Эшли считал, что у них с матерью, пусть и неполная, но довольно счастливая семья. Но и о несчастливых семьях он знал немало. Больше всего его угнетало женское мировоззрение. Он искренне презирал женщин, считавших себя знатоками жизни. Тех, которые, придерживаясь ошибочного мнения, что без мужчины семья – не семья, и дети, в принципе, счастливыми вырасти не могут, ломают жизни своим чадам. Сколько семей продолжают жить в полном составе только потому, что «ребенку нужен отец?». Великое множество. Почему-то женщины считают, что без отца их ребенок вырастет неполноценным. Эшли мог легко опровергнуть это заявление. Без иных отцов дети вырастут гораздо более социально-адаптированными и жизнерадостными, нежели с наличием второго родителя. Во всяком случае, он видел немало примеров неполных семей, где царила гармония, а знал и те семьи, что жили в полном составе, но дети там вырастали шумными, крикливыми, боялись каждого шороха. Виной тому были отцы, реже – матери. В любом случае, наличие обоих родителей никогда не считалось в системе ценностей Паркера гарантом счастья.

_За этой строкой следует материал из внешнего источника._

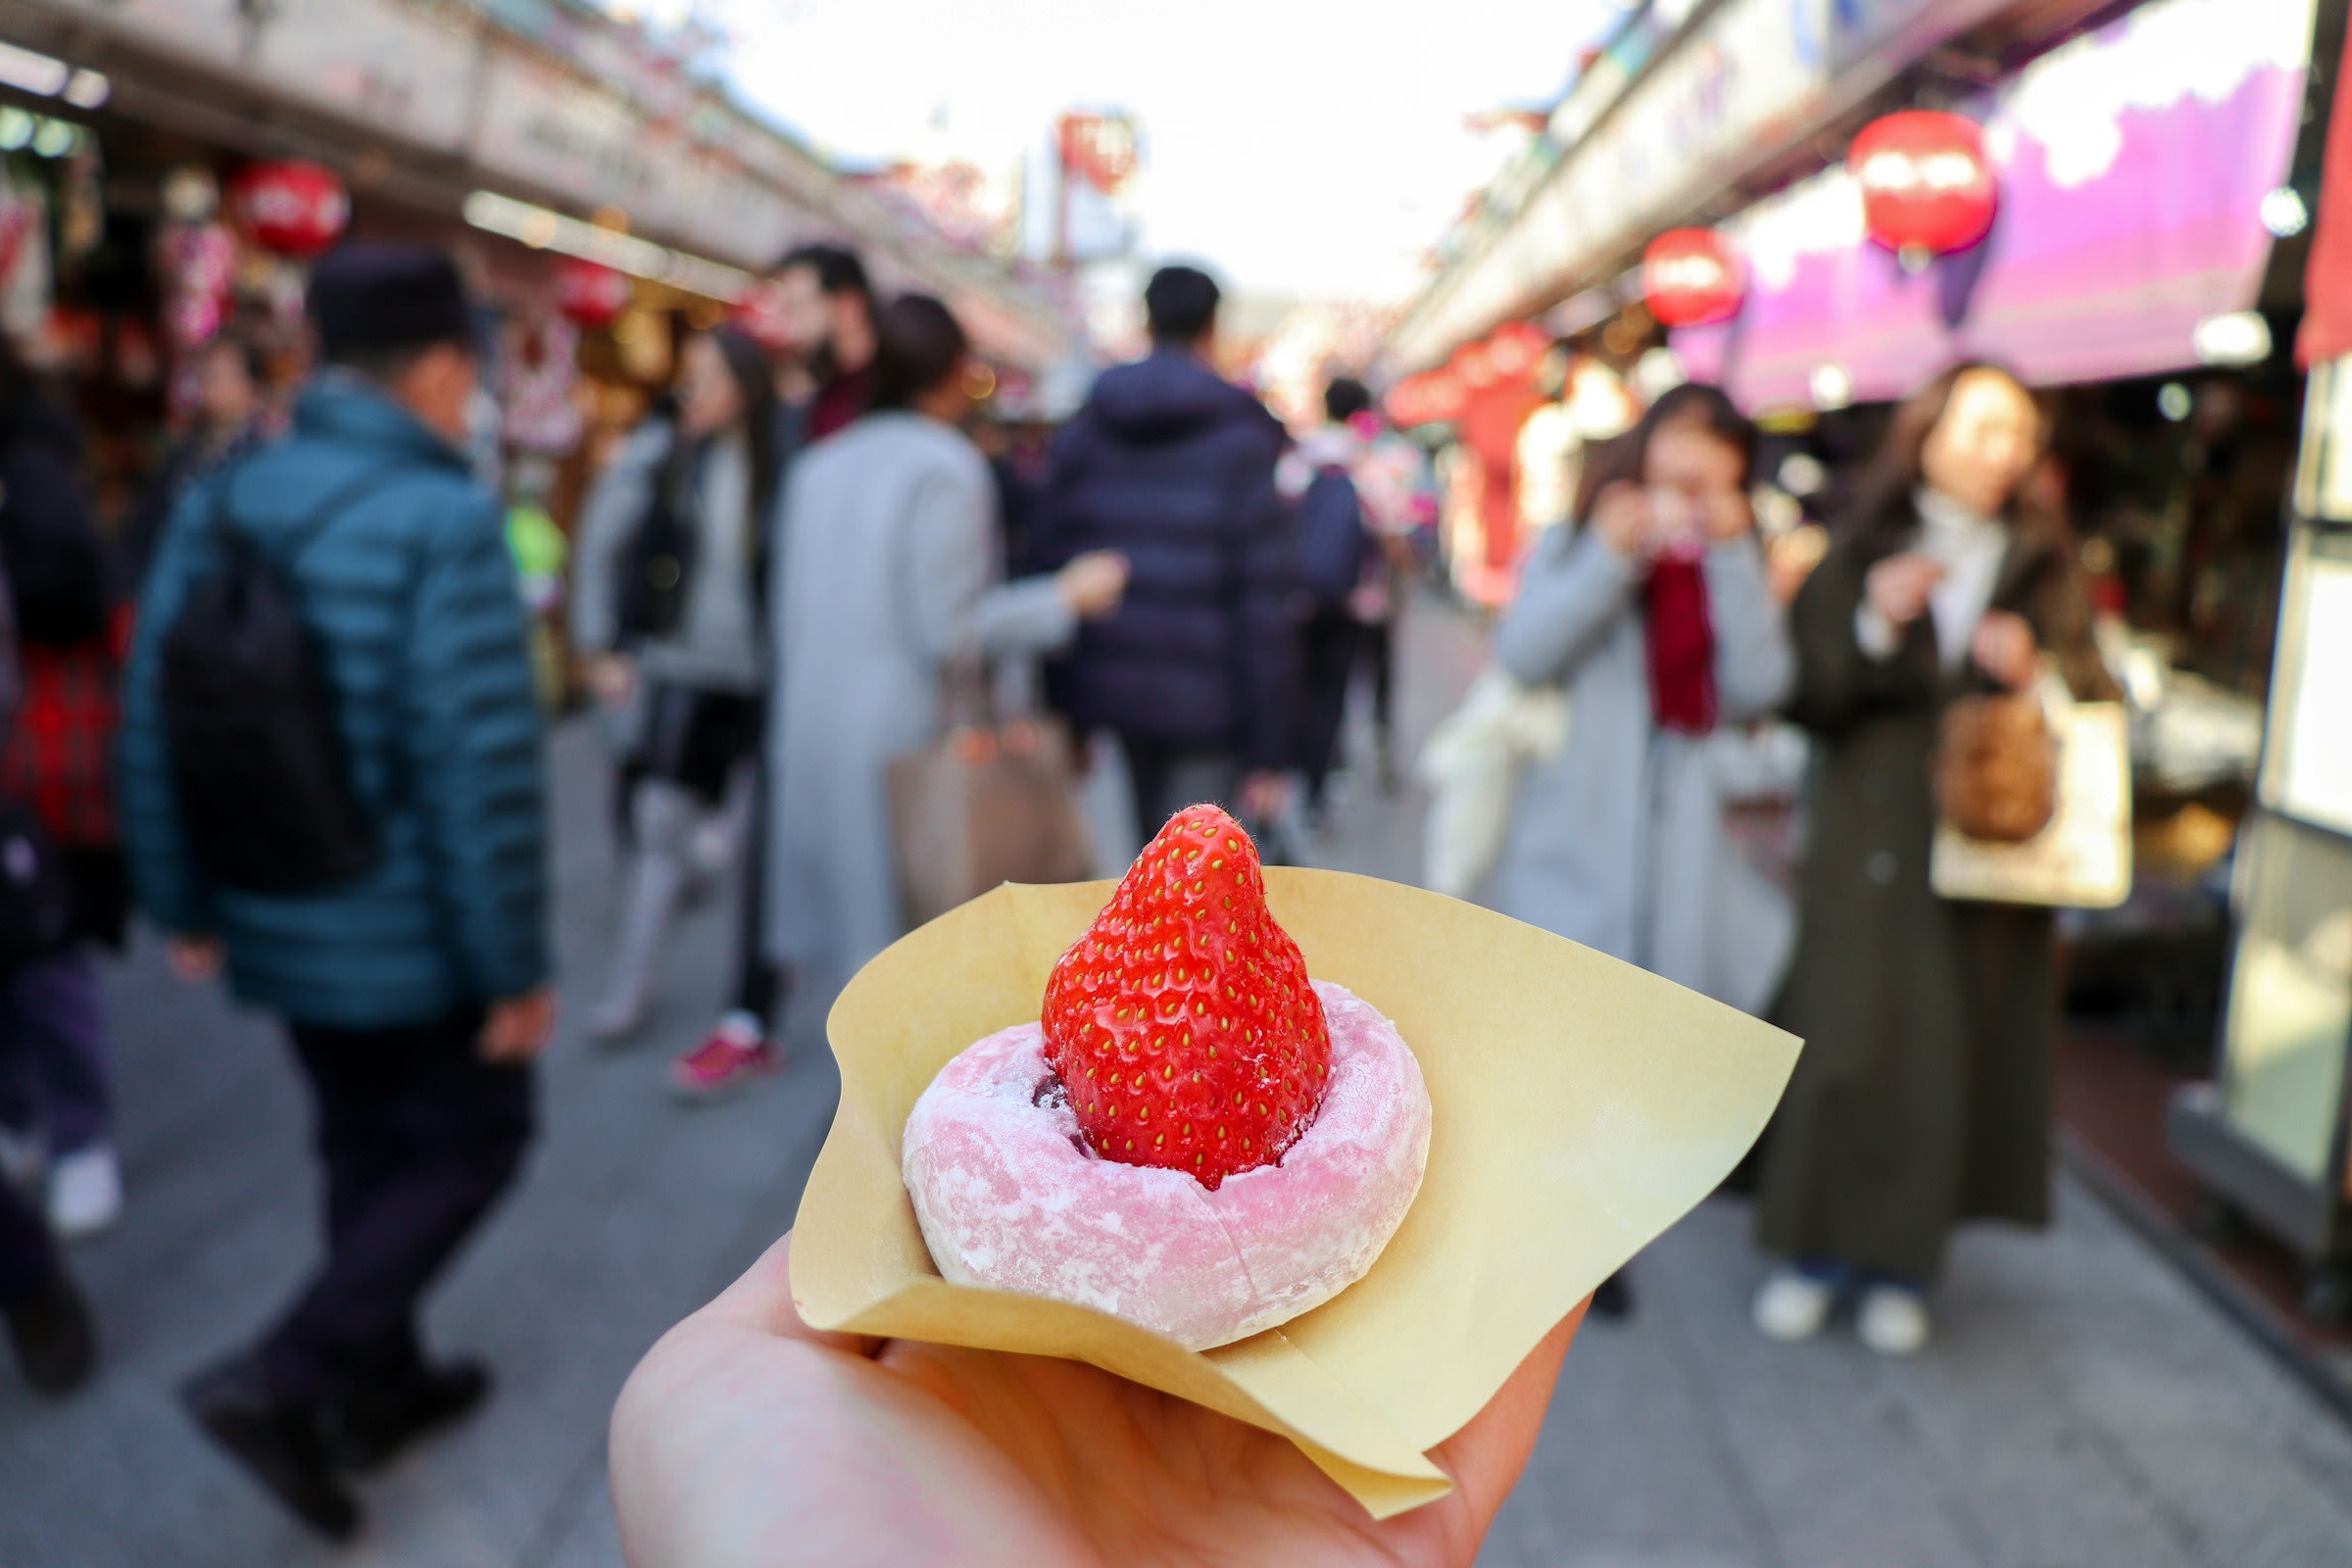 A hand holds a strawberry Saifuku (rice cake filled with sweet bean paste) in the middle of a crowded shopping street.

Он тихо ненавидел Пьера, но старался спрятать эту ненависть поглубже. Вел себя с предполагаемым отчимом так же, как с другими людьми. Не замечал. Пьер первое время старался наладить с ним отношения, создать иллюзию «хэппи фэмели», потом отбросил эту идею и тоже перестал замечать Паркера, потому как дело все равно с мертвой точки не сдвигалось. Все оставалось на прежнем уровне, все раздражало, попытки поговорить заканчивались скандалом и громкими заявлениями «Я отхожу этого мерзкого ребенка ремнем». Это при матери. В разговоре тет-а-тет: «При первой же возможности я сдам тебя в приют, мерзкий выблядок». Эшли не скупился на язык жестов и неизменно посылал Пьера в одном и том же направлении. Тот отвечал трехэтажным матом в отношении своего пасынка.

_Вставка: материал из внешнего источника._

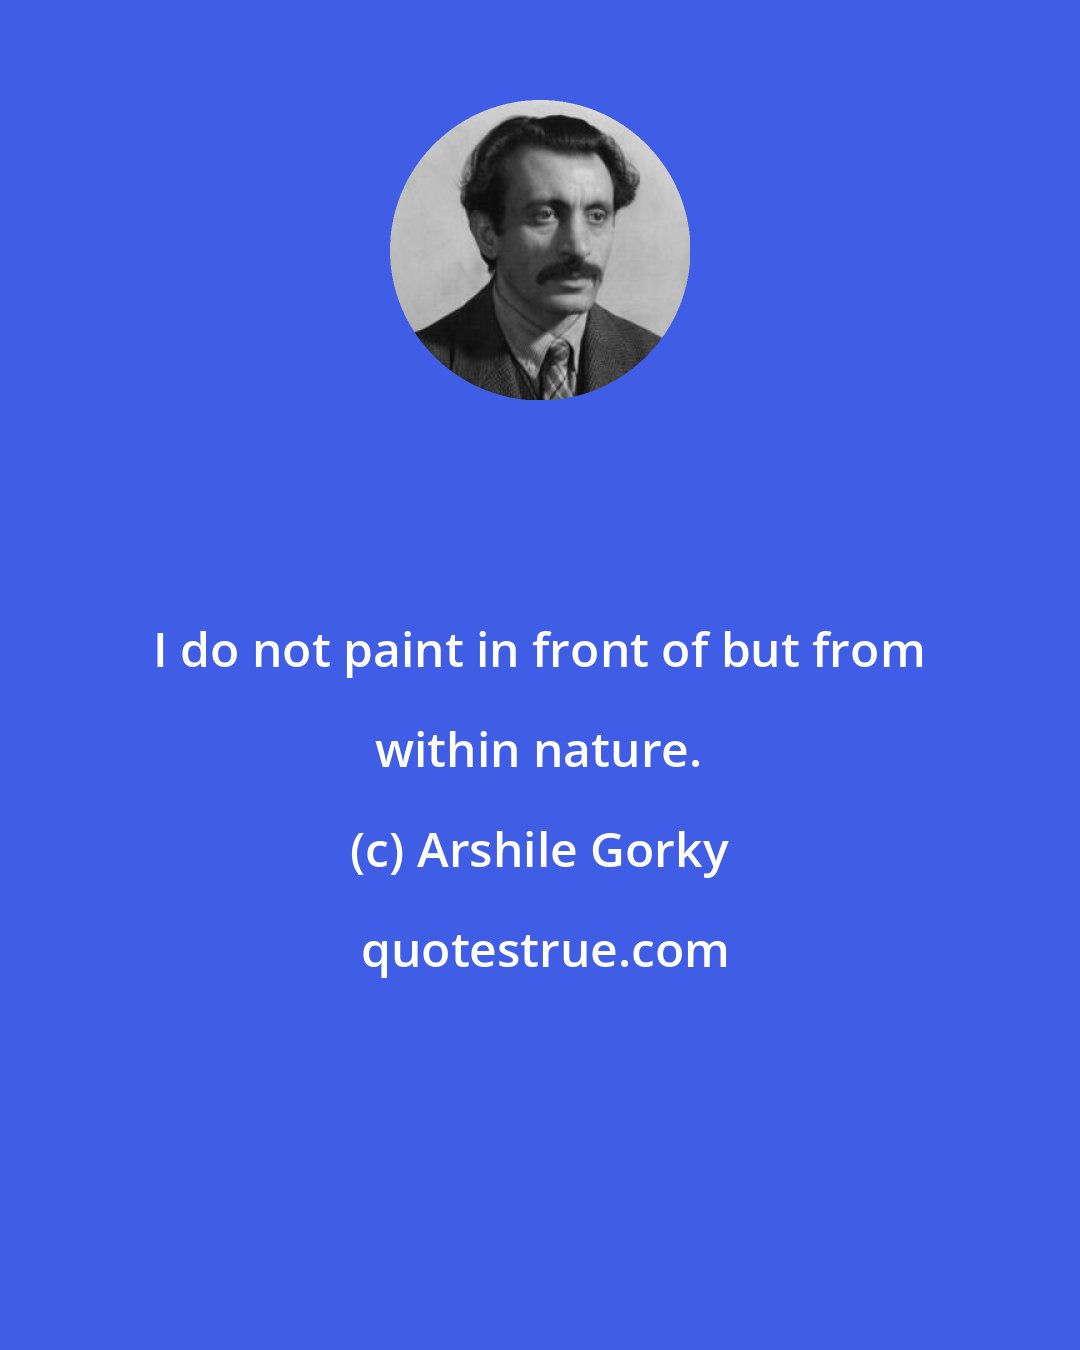 Arshile Gorky: I do not paint in front of but from within nature.

Со временем Эшли почти смирился с фарсом, творившимся в жизни его матери. Если она слепа, он не в силах открыть ей глаза на происходящее. Ненависть между отчимом и пасынком – не повод отказываться от своего, женского счастья. Тем более, он не собирается жить с ними; после окончания школы съедет из этого дома и будет обретаться в общежитии. И тогда, оставшись в одиночестве, Шанталь вряд ли скажет ему «спасибо».